Heyne sendiri terdesak oleh 2 pihak: orang-orang jang mengadukan perampokan jang makin meradjalela oleh badjingan-badjingan jang mengaku sebagai Pitung, dan atasan Heyne jan mengantjam pedjabat Belanda tersebut untuk dikirim kembali ke Holland djika dalam waktu singkat gagal mengatasi keadaan. Buat Pitung sendiri, keadaan tjukup merepotkan: disatu fihak harus waspada terhadap pengedjaran Heyne dan Demang, difihak lain harus membasmi perampok-perampok jang menggunakan namanja. Melewati majat Hadji Naipin suami istri, Demang Meester achirnja berhasil djuga mentjitjipi tubuh Aisjah. Tapi tak lama. Soal kesetiaan muntjul disini. Di rumah bini muda mandor Dadap, dimana Aisjah disekap oleh kaki tangan sang Demang, ia achirnja menemukan keberanian untuk mendjerat leher sendiri dengan sehelai setagen jang menggantung pada kasau punggung rumah. Dan Pitung jang ditinggal menduda itupun makin merupakan setan bagi polisi dan Demang beserta opas-opasnja jang tidak djarang terlibat pemerasan terhadap rakjat. Scott Heyne makin tidak bisa tahan ketika Demang Meester achirnja djadi korban setelah puluhan opas kaki tangan Kompeni mendahuluinja mati ditangan Banteng Betawi itu. Berpesan. Tapi kisah silat Betawi ini segera menudju achir. Maka dimuntjulkanlah seorang teman seperguruan Hadji Naipin. Orang inilah jang tahu hari naas murid sang Hadji itu. Dengan tawaran hadiah jang tjukup tinggi, teman seperguruan itu (Alam Surawidjaja), mendjelaskan kepada Heyne: "Apesnja Pitung itu ada antara lohor dan magrib. Tapi djimatnja harus ditjuri, setelah itu ia musti ditembak dengan peluru emas". Semua petundjuk itu diikuti dengan saksama oleh Belanda, dan djagoan Betawi itu memang mati pada achirnja. Sebelum menghembuskan nafasnja jang terachir Pitung masih sempat berpesan kepada pembunuhnja: "Heyne, baik-baiklah kepada orang kampung". Dan Hevne ternjata terharu dan kasih tabek sama itu majat jang baru sadja diuber-ubernja sebagai perampok. Apa ini? Sentimentalitas jang mendadak? Atau adegan jang dimaksudkan buat makin memperbesar harkat si Pitung? Nawi Ismail sedikit terlalu tiba-tiba menjuruh sang opsir Belanda bersikap demikian.

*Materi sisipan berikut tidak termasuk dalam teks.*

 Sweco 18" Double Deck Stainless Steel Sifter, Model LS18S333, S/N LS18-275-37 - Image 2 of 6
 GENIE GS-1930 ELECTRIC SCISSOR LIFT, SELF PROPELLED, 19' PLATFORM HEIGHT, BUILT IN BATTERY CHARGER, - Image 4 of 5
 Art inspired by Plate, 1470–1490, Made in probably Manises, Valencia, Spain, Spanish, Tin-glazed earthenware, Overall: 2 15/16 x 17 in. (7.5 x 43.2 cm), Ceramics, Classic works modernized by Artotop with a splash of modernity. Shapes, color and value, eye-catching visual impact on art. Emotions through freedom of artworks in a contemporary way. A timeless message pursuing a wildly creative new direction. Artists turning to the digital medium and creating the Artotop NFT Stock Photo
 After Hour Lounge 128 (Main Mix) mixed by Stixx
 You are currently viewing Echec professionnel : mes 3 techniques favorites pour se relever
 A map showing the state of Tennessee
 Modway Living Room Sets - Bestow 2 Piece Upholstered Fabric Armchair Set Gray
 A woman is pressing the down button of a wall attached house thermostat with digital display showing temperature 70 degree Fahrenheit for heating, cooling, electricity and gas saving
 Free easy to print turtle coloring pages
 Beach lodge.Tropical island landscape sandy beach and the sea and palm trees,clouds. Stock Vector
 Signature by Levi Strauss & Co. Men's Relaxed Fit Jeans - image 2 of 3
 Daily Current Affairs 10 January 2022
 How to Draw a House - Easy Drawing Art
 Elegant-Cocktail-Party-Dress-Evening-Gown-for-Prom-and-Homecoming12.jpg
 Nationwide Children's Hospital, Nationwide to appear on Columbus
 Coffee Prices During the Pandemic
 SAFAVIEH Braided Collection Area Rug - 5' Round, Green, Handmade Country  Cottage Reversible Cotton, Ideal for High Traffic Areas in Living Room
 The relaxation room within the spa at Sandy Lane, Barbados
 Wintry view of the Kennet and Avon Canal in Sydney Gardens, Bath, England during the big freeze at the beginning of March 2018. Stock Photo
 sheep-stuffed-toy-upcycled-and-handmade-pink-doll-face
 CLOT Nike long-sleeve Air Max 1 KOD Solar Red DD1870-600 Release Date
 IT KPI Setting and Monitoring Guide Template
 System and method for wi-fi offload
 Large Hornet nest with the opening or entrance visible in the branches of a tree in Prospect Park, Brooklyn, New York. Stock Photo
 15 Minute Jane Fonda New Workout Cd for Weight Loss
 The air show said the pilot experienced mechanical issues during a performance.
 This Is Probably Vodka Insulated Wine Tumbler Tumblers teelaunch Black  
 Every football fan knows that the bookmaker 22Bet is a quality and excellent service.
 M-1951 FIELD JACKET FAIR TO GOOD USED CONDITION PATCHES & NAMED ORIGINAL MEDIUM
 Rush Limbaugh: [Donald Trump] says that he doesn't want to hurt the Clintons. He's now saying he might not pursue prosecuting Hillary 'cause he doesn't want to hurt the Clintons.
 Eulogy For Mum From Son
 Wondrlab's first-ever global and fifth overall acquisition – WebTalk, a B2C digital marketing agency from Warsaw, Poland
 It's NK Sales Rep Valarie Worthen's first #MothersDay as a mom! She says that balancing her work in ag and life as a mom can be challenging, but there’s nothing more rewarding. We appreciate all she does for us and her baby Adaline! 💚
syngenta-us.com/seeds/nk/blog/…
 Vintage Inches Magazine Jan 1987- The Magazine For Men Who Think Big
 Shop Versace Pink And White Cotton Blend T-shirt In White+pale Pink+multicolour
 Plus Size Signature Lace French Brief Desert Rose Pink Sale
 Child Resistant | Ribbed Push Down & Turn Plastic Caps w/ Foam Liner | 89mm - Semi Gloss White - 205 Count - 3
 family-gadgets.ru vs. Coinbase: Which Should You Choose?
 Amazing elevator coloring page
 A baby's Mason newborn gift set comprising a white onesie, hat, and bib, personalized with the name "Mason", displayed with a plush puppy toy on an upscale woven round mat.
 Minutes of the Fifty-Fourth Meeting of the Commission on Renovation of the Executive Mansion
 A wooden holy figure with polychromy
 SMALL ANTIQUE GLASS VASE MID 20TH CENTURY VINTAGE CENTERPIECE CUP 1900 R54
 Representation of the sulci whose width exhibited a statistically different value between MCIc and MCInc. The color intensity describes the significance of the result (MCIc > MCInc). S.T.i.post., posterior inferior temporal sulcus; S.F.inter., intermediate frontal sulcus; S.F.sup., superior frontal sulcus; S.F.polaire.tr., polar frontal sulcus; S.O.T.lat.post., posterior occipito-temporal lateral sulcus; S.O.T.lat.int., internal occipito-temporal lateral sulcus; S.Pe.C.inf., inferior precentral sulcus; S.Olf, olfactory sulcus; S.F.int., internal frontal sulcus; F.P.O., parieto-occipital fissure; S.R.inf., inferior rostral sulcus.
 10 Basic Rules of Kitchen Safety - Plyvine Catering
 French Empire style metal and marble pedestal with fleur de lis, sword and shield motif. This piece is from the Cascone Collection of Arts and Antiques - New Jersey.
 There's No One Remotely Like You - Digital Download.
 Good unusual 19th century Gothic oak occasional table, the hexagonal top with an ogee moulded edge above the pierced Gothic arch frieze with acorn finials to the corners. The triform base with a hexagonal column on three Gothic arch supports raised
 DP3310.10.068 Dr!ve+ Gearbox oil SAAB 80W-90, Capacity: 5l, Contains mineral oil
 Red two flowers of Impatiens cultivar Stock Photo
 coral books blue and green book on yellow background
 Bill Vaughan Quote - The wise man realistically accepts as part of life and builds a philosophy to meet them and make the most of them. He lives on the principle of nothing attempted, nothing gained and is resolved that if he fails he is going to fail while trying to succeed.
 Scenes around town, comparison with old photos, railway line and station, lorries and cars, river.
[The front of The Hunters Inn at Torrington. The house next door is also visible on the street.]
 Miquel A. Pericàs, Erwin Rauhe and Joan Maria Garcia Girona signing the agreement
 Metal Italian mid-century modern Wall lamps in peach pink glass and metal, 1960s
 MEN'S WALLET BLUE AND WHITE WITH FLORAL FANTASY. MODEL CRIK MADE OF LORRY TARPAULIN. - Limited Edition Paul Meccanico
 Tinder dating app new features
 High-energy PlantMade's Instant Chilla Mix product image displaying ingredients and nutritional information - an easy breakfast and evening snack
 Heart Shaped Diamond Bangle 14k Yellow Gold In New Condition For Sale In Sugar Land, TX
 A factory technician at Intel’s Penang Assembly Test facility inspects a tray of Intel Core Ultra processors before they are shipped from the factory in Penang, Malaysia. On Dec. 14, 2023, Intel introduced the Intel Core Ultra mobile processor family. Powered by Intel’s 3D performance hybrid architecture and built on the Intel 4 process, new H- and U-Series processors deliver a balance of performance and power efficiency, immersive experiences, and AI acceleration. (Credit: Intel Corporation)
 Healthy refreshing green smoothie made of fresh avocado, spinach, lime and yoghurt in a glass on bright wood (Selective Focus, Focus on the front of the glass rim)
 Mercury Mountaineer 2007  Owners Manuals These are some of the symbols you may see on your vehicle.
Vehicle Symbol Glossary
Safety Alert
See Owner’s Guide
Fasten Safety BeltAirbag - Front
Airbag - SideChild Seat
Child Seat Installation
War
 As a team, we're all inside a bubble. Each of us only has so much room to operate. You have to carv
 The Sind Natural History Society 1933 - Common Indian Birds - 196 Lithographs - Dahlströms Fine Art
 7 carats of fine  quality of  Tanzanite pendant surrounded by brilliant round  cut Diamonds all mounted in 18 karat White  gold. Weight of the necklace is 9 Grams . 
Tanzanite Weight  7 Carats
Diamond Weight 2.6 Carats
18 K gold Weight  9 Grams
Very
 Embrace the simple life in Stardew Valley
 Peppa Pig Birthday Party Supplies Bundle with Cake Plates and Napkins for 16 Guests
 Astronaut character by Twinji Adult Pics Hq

Maka ada jang agak mentjong dari bangunan tjerita dalam adegan itu kurang introduksi dibagian sebelumnja djustru karena setjara psichologi jang dilakukan Heyne bukanlah hal mustahil. Seseorang memang bisa menghormati musuhnja, apalagi setelah tahu motif luhur perbuatan sang musuh Djuga antara jang diburu dan jang memburu bisa sadja timbul hubungan tjinta bentji atau djuga jang memburu kehilangan arti dirinja sendiri sebagai pemburu setelah jang diburu kena. Tapi itu bisa nampak djika sang pentjerita punja sofistikasi sedikit. Tjuma soalnja sofistikasi memang bukan tjiri kebanjakan pembuat film action di Hollywood, Italia, Hongkong atau Djakarta. Subtil. Toch moment ketika Hamid Arief bersedih tetap merupakan adegan jang digarap setjara subtil. Adegan kesedihan itu mungkin klise, tapi sang Heyne mendjadi tidak karikatural. Keadaan matjam inilah jang seharusnja digunakan oleh para pemain untuk membuktikan kemampuan mereka menghajati tokoh masing-masing mengingat bahwa sekedar menjepak dan memukul bukanlah soal sulit didepan kamera. Dan disamping Fifi Young dan Pandji Anom, Hamid Arieflah jang membuktikan kemampuannja sebagai aktor jang bisa memberi dimensi lain kepada tokoh-tokoh kisah djagoan ini. Dicky Zulkarnaen, meskipun tak terlalu mengetjewakan, prestasinja tetap sama sadja dengan jang duludulu. Djuga W.D. Mochtar: dengan kostum jang berbeda-beda untuk tjerita jang berbeda-beda, W.D. tetap W.D. jang sama. Untunglah setjara keseluruhan film ini beres. Disini Nawi Ismail tidak lagi rojal dengan darah, meskipun masih rojal dengan dialog jang diulang-ulang. Tidak ada lagi pendjedjalan adegan sex dan kekedjaman jang berkelebihan, meskipun Aisjah diperkosa Demang dan korban berdjatuhan ditangan Pitung.

Usaha untuk lebih memanusiakan tokoh-tokohnja iebih terasa pada film ini daripada beberapa film Nawi Ismail sebelumnja tapi tentu sadja tak tertjapai sepenuhnja, karena konsep tjeritanja tidak ingin kesana. Dan pemotretan jang baik, warna jang tjerah tapi tidak menjolok, peralatan jang rapi dengan kostum jang menarik, semuanja mempunjai andil dalam membuat BB bagaikan makanan jang dimasak koki ahli, meskipun masih kurang imadjinasi. Sajang Idris Sardi jang memainkan musik untuk mengiringi kisah silat ini ternjata adalah Idris jang lama. Disamping tidak membantu pentjiptaan suasana Betawi kuno, jang dihidangkan Idris tidak lebih dari collage ilustrasi musik jang telah ditjiptakannja untuk banjak film Indonesia jang telah beredar dipasaran.